◆ **TASK**
A faithful transcript of all the lines below, with no pictures, is the goal here.

Source records:
- - - - -
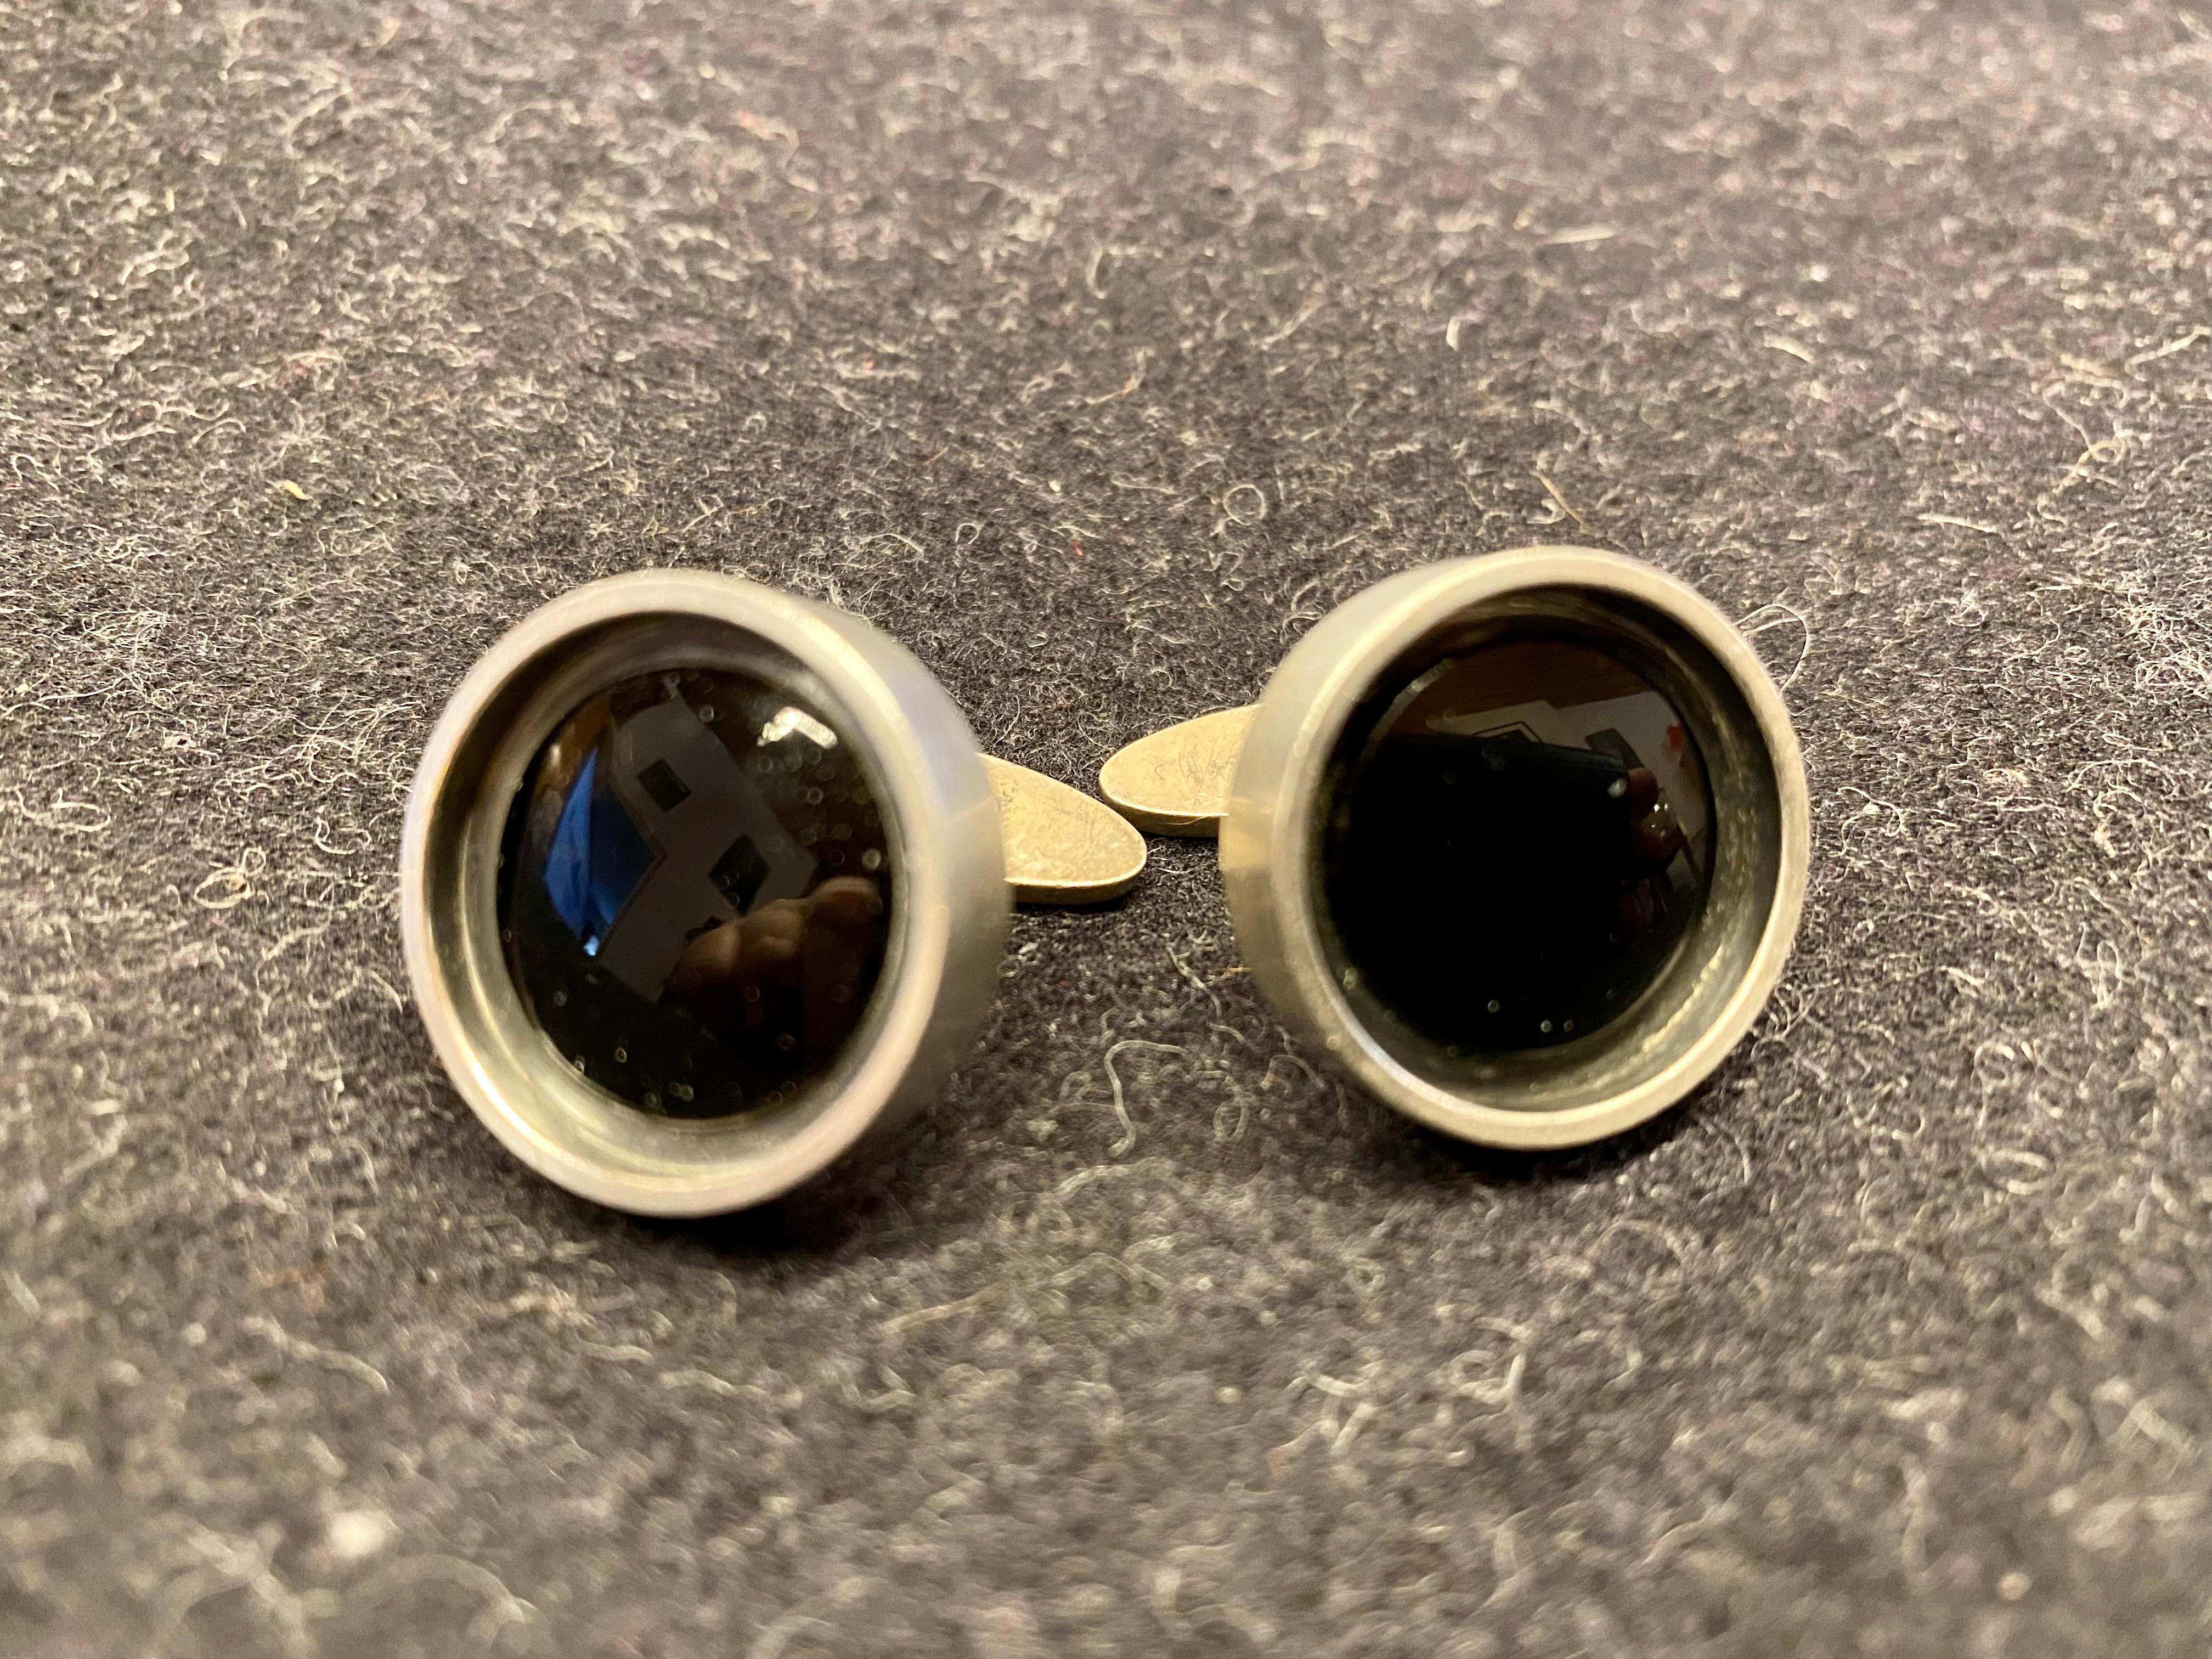 Silver Cufflinks by Elis Kauppi for Kupittaan Kulta, Finland, onyx
Made in Finland 1966
916H Silver
Turku Finland.
Engraving the letters HM.
It is very delicately made, can be easily sanded off if needed.
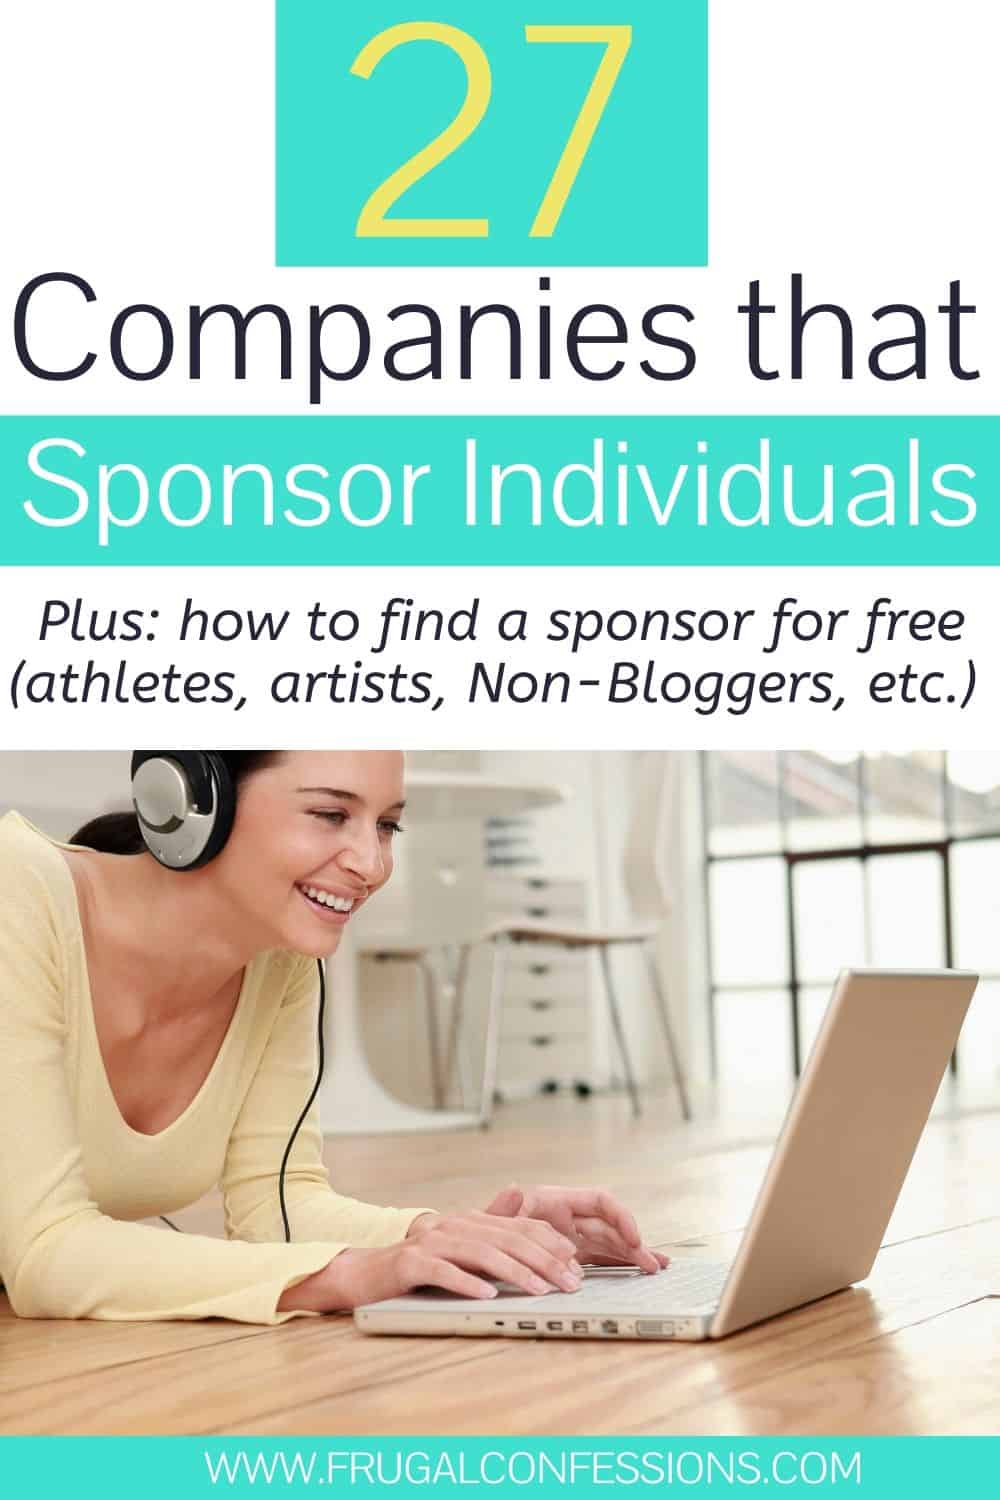 woman on laptop looking for sponsorships, text overlay "27 companies that sponsor individuals"
- - - - -
◆ **EXERCISE SOLUTION**
 Silver Cufflinks by Elis Kauppi for Kupittaan Kulta, Finland, onyx
Made in Finland 1966
916H Silver
Turku Finland.
Engraving the letters HM.
It is very delicately made, can be easily sanded off if needed.
 woman on laptop looking for sponsorships, text overlay "27 companies that sponsor individuals"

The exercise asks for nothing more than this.